Hacía años que las ganas por reiniciar todos estos rituales acallaban el tímido sentimiento de culpa que le asaltaba cada mes de septiembre cuando se daba cuenta de que no había hecho los deberes de verano. Pero es que, ¿cómo podían esperar que se pasara cada día escribiendo en un diario lo que hacía, para que así luego lo leyeran sus profesores? El verano venía cargado de demasiadas aventuras como para desperdiciarlo ocupada en escribir aquello que hacía o dejaba de hacer. Y mira que este verano había sido más triste, menos luminoso. Pero, aun así, daba igual, hay que estar loco y desesperado y deprimido para preferir pasar horas delante de un papel en blanco que chapoteando en el agua de la piscina.

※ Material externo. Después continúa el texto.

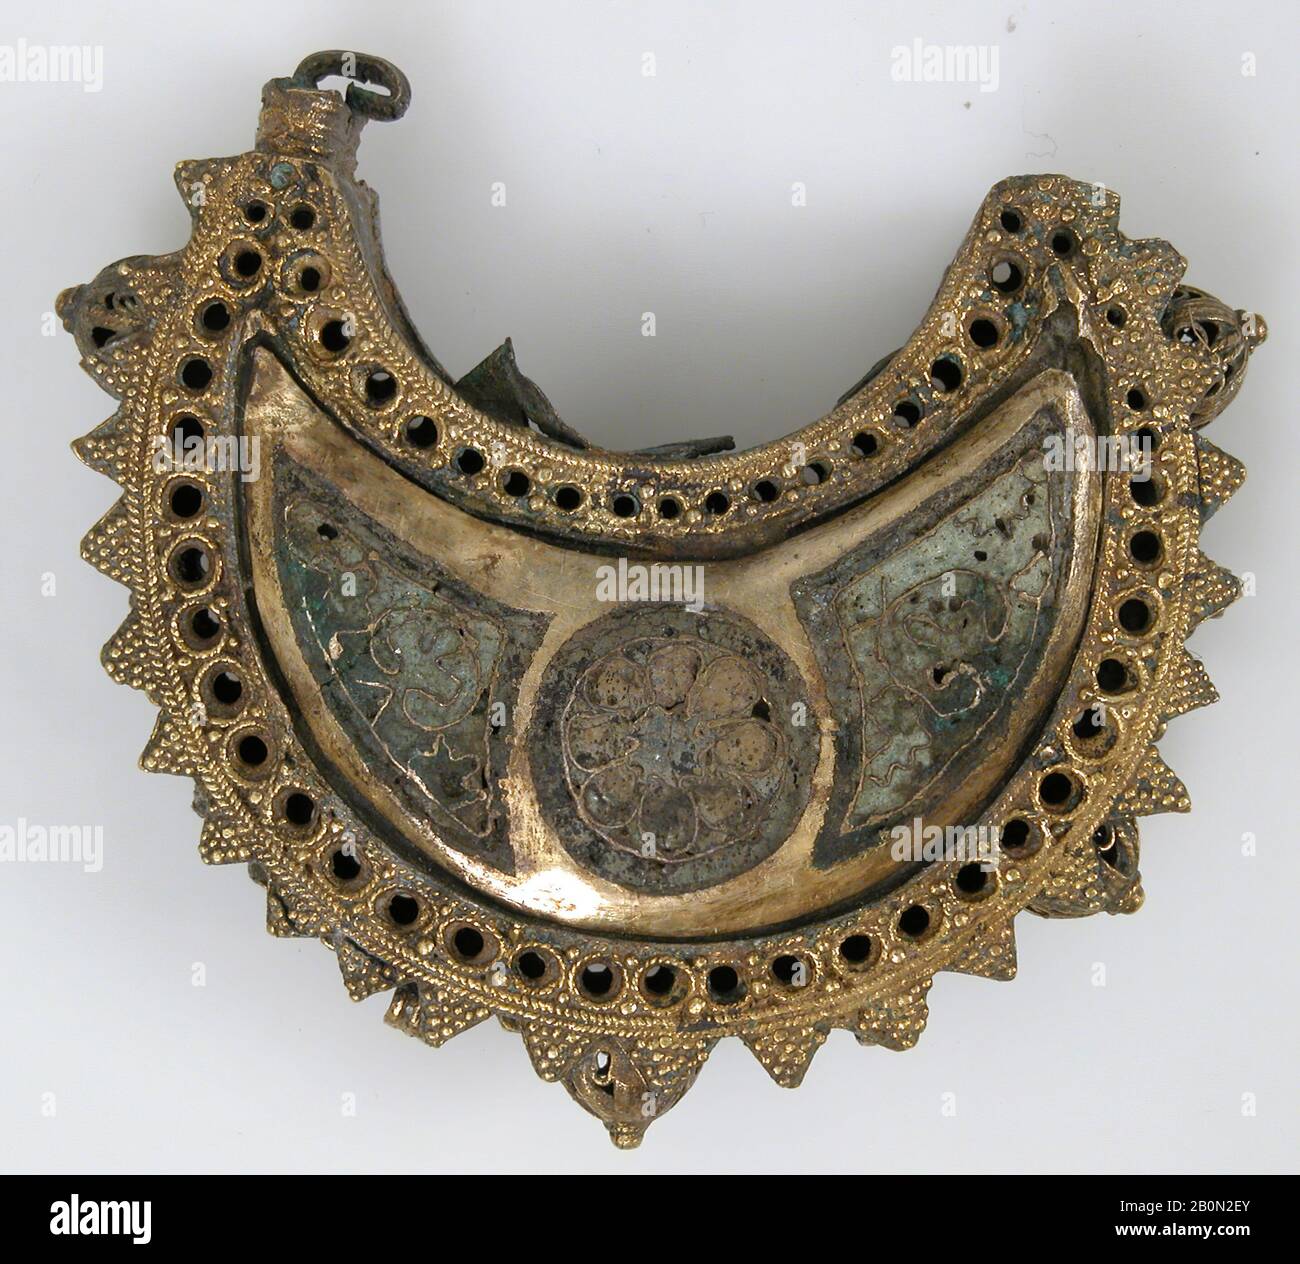 One of a Pair of Crescent-Shaped Earrings with Rosettes, Kievan Rus' or Byzantine, 12th century, Kievan Rus' or Byzantine, Cloisonné enamel, silver gilt, Overall: 2 1/16 x 2 5/16 x 1/2 in. (5.3 x 5.8 x 1.3 cm), Enamels-Cloisonné Stock Photo

Sentía cierta vergüenza cuando recordaba el ansia con el que había esperado la reanudación del instituto hacía dos años. Era todavía julio y se encontraba en un campamento de verano cuando cogió con la mano derecha un diente de león y lo alzó bien alto, con la esperanza de que al acercarlo al cielo sus deseos estarían más cerca de ser escuchados. Pidió que llegara en septiembre un chico que le gustara y al que le pudiera gustar. Sus amigas ya se habían liado con algún chico, pero ella no. Tenía miedo de quedarse rezagada para siempre y por eso se encomendaba a esa operación aparentemente irracional. Pensaba que no podía desaprovechar ninguna de las oportunidades que se le presentaran para pedir algo. Obviamente, ese chico no llegó hace dos años y nada indica que pueda llegar este. Pero, por si acaso, este verano también sopló bien fuerte un diente de león y siguió la trayectoria de sus agujas liberadas hasta que se fundieron con el blanco de las nubes y se perdieron en la inmensidad del cielo.